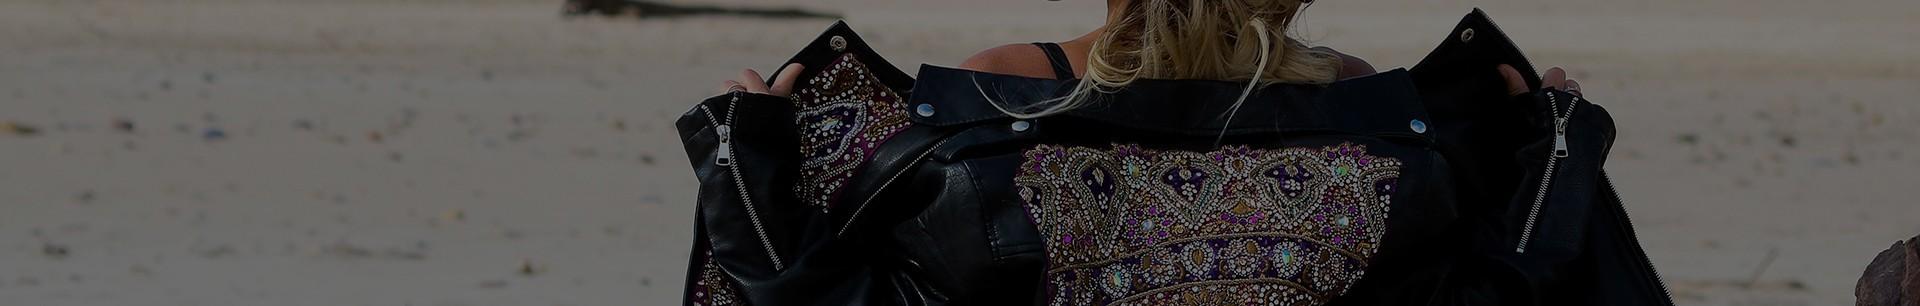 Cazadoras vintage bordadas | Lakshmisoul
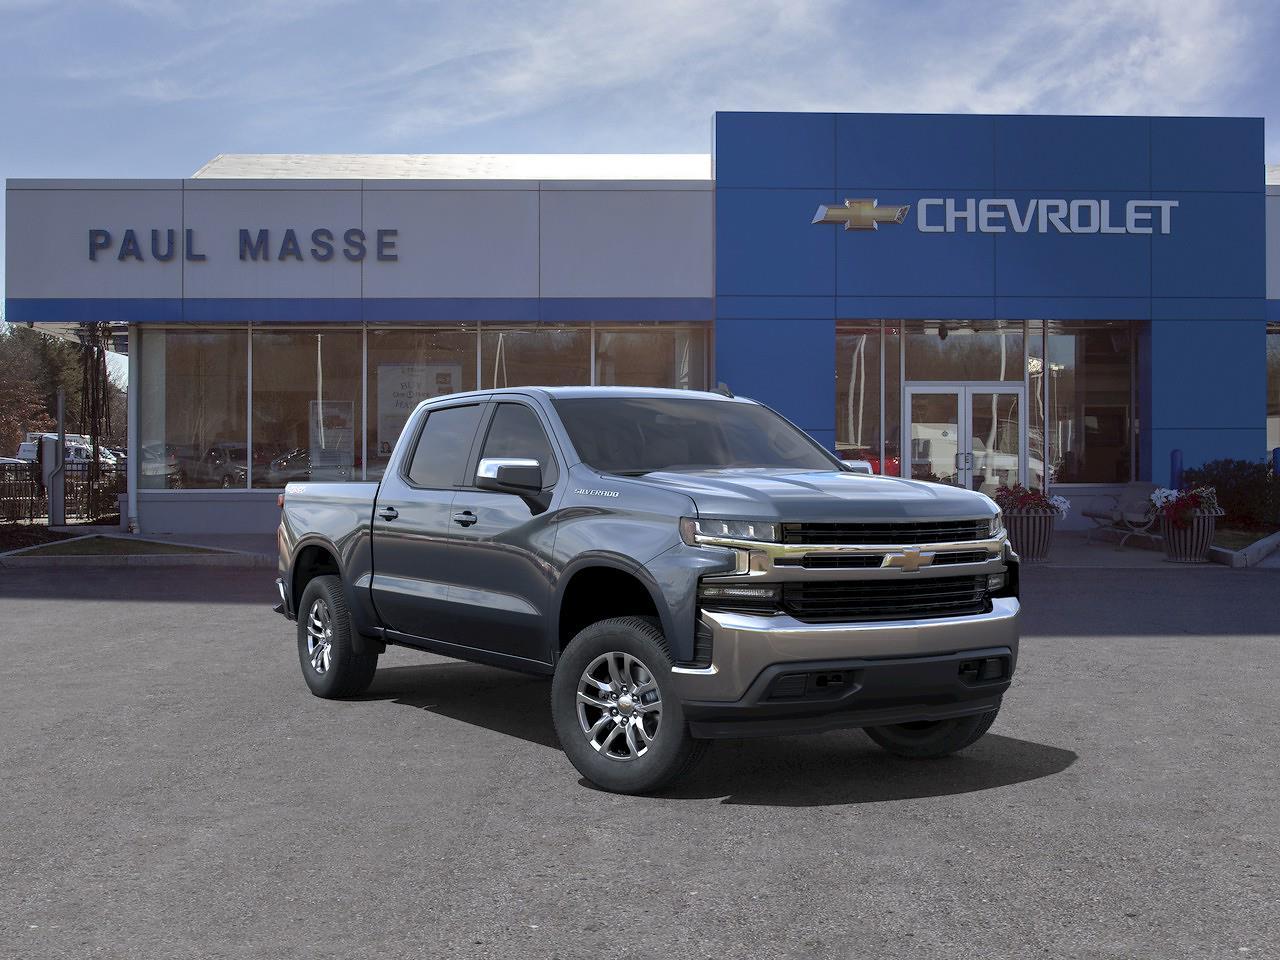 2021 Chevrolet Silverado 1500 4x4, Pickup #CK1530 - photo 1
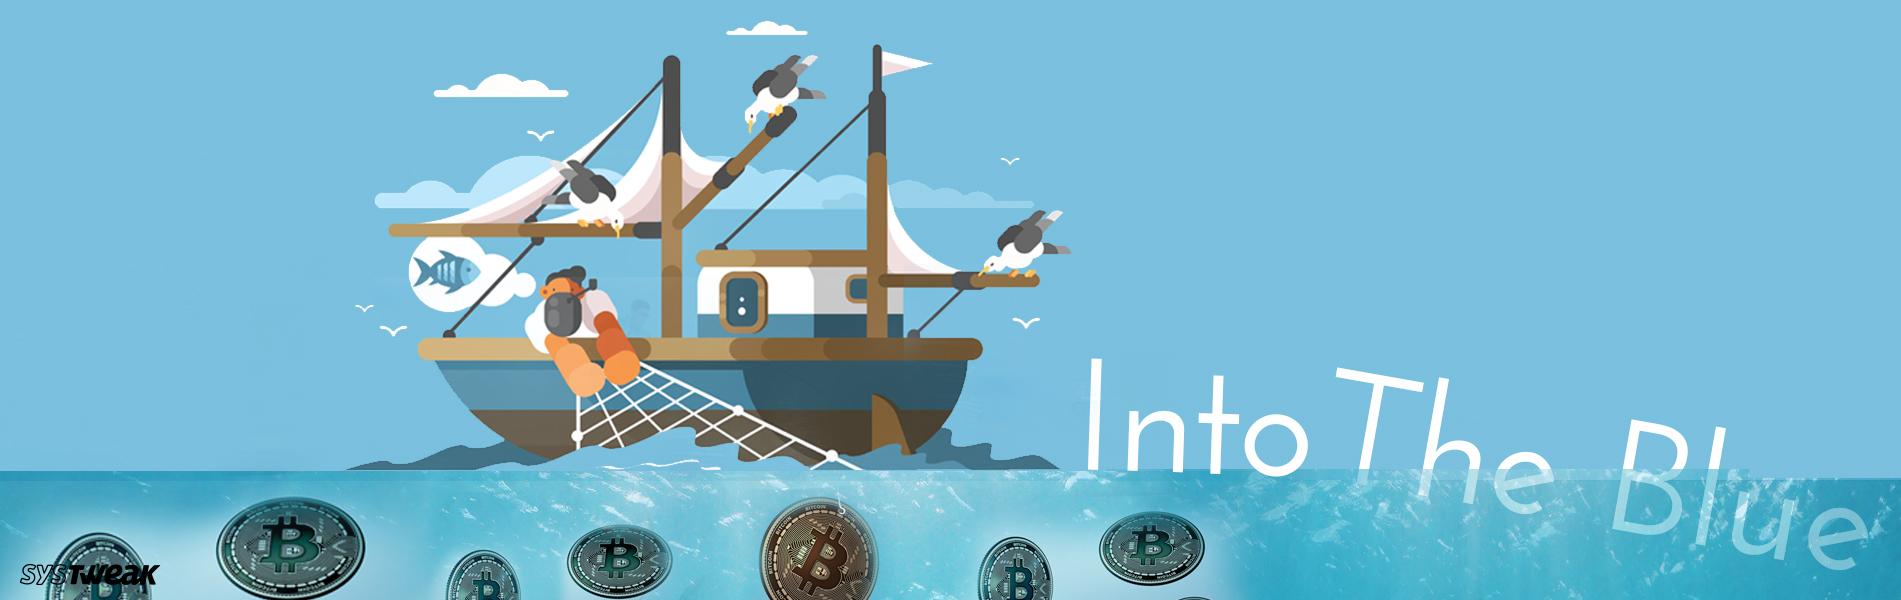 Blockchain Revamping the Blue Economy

--

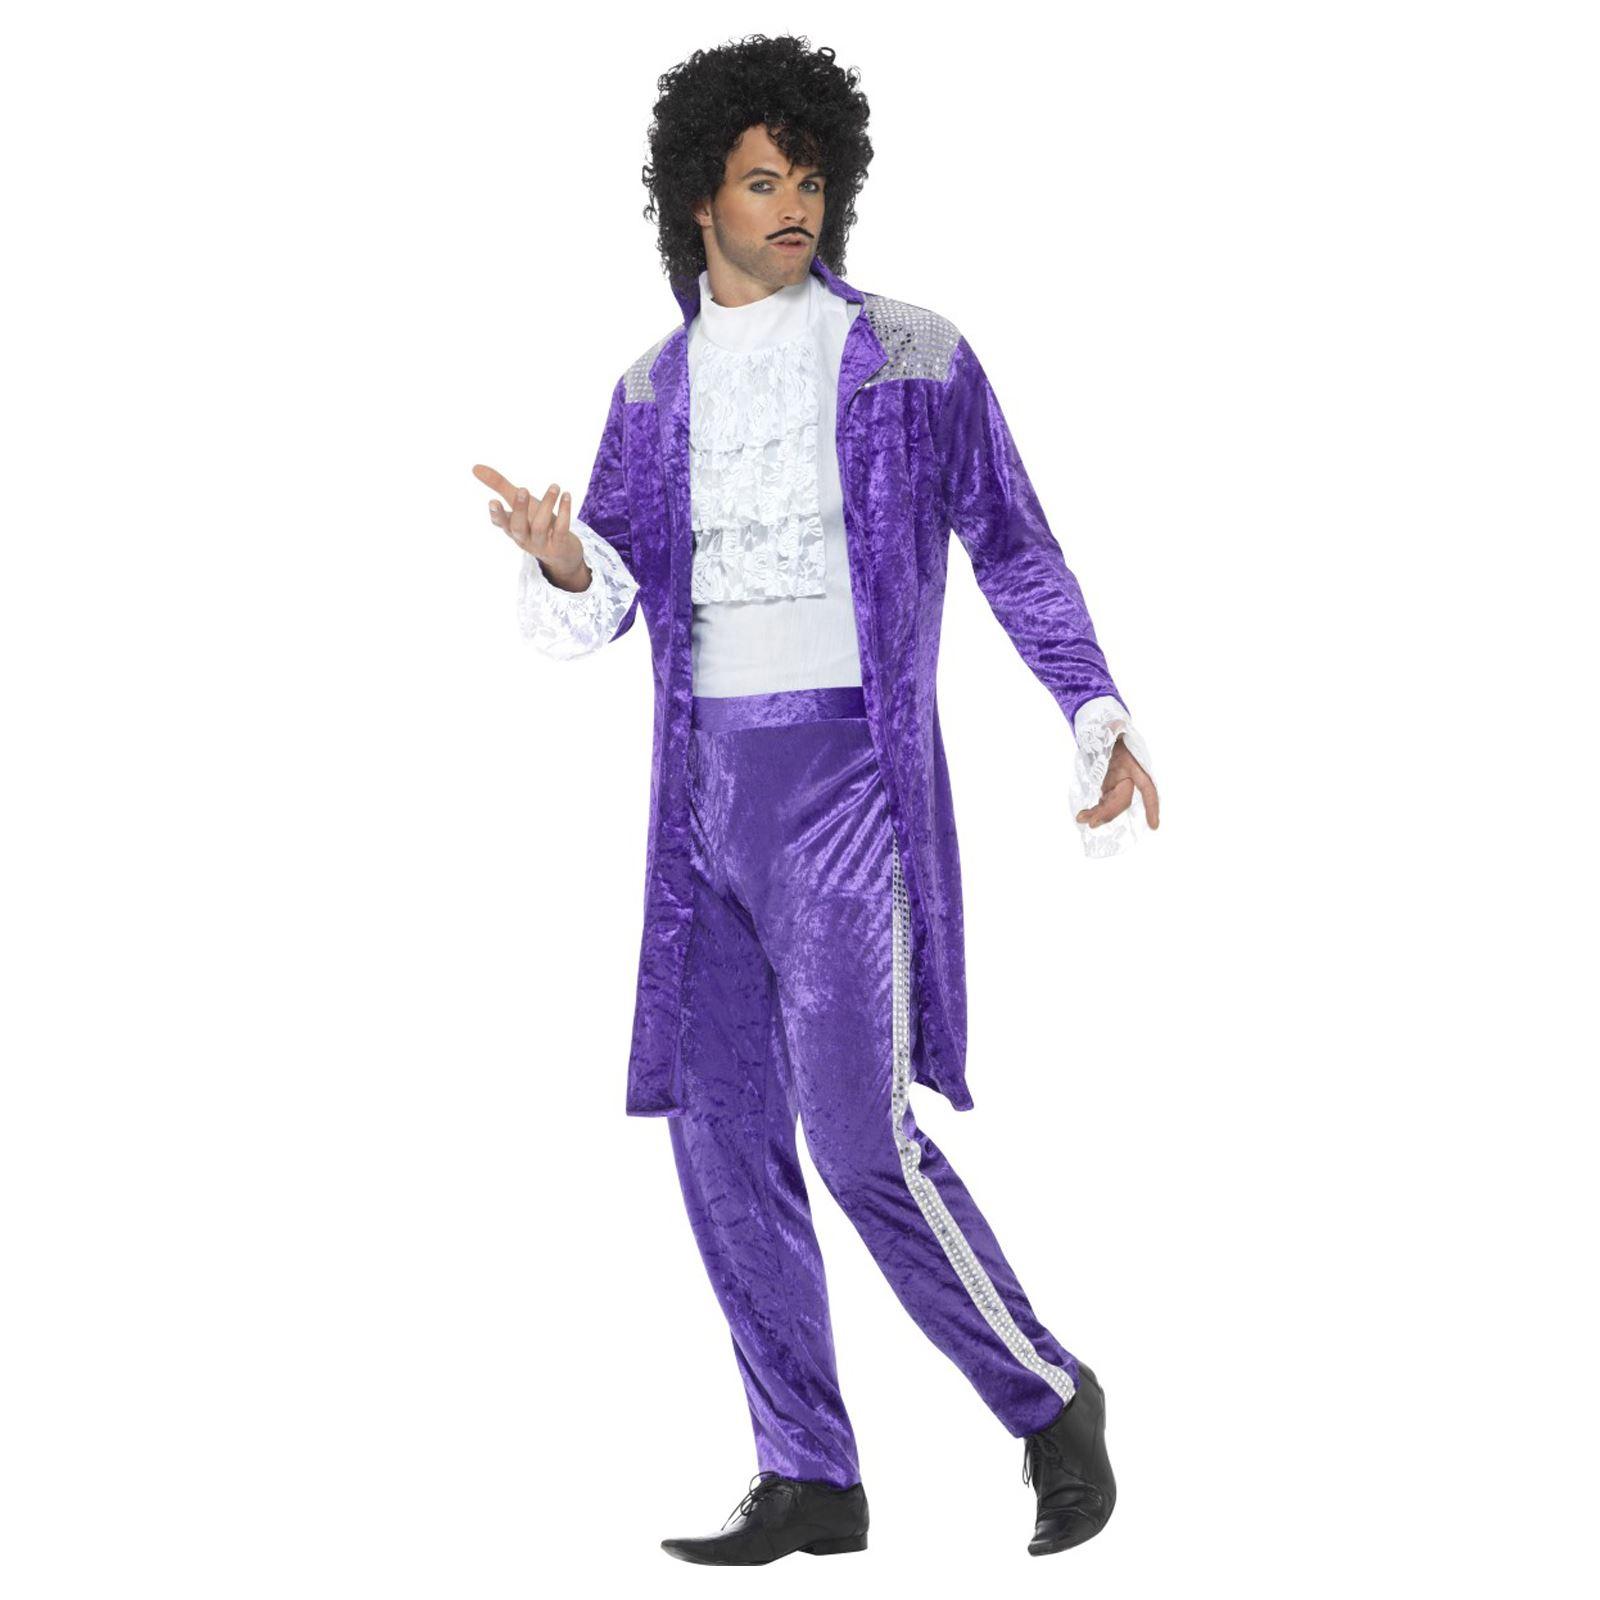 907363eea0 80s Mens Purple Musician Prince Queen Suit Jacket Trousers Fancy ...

**WORK INSTRUCTIONS**
Starting at the line containing "Cazadoras vintage bordadas | Lakshmisoul" and finishing at the line containing "Blockchain Revamping the Blue Economy", return those lines exactly as they appear above, without the pictures.

**COMPLETED EXERCISE**
 Cazadoras vintage bordadas | Lakshmisoul
 2021 Chevrolet Silverado 1500 4x4, Pickup #CK1530 - photo 1
 Blockchain Revamping the Blue Economy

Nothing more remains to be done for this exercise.